Rozdział 3: Trudna noc

63 10 1
                                    

Spacer po kłębiącym się śniegu był trudny, ale na szczęście cała czwórka nie napotkała po drodze niczego dziwnego. Z powodzeniem wrócili do swojej kwatery.

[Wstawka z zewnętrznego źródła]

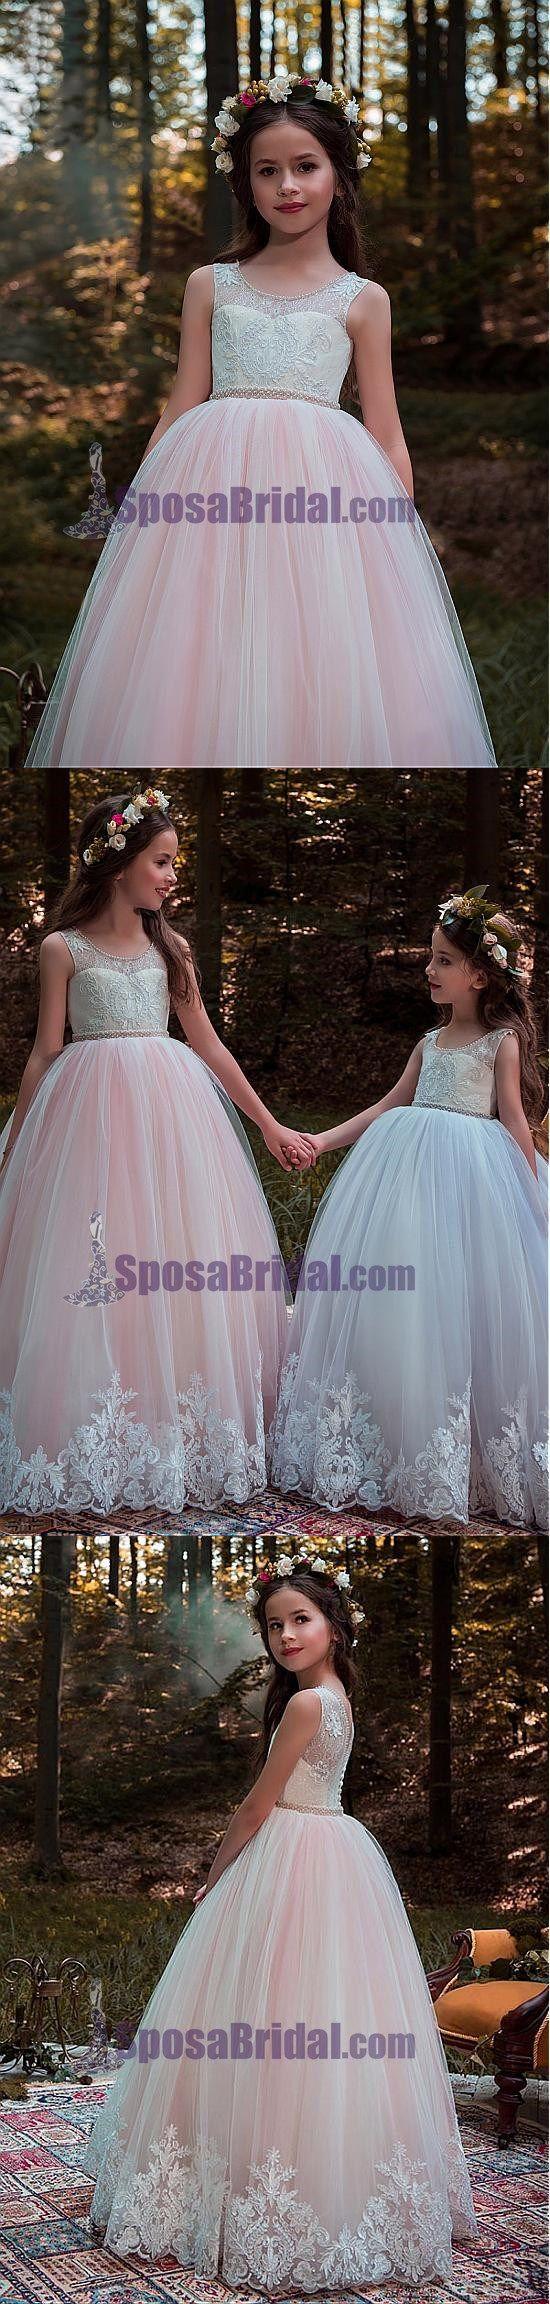 Rustic wedding flower girl dresses  Satin Formal Aling Affordable Cheap Elegant Flower Girl Dresses

Jednak po powrocie zauważyli, że atmosfera w domu nie wydawała się odpowiednia. W salonie siedziało kilka upiornie bladych, sztywnych osób. W powietrzu unosiła się śmiertelna cisza, a atmosfera wydawała się jeszcze cięższa niż wtedy, gdy wszyscy przybyli tu po raz pierwszy.

Lin Qiushi omiótł wzrokiem inne osoby w tym pokoju i szybko policzył liczbę osób. Dopiero po upewnieniu się, że liczba osób się nie zmniejszyła, odetchnął z ulgą.

"Co się stało?" Zapytał Xiong Qi.

Siedzący w środku mężczyzna, który cały drżał powiedział: "Ciała, ciała na górze zniknęły."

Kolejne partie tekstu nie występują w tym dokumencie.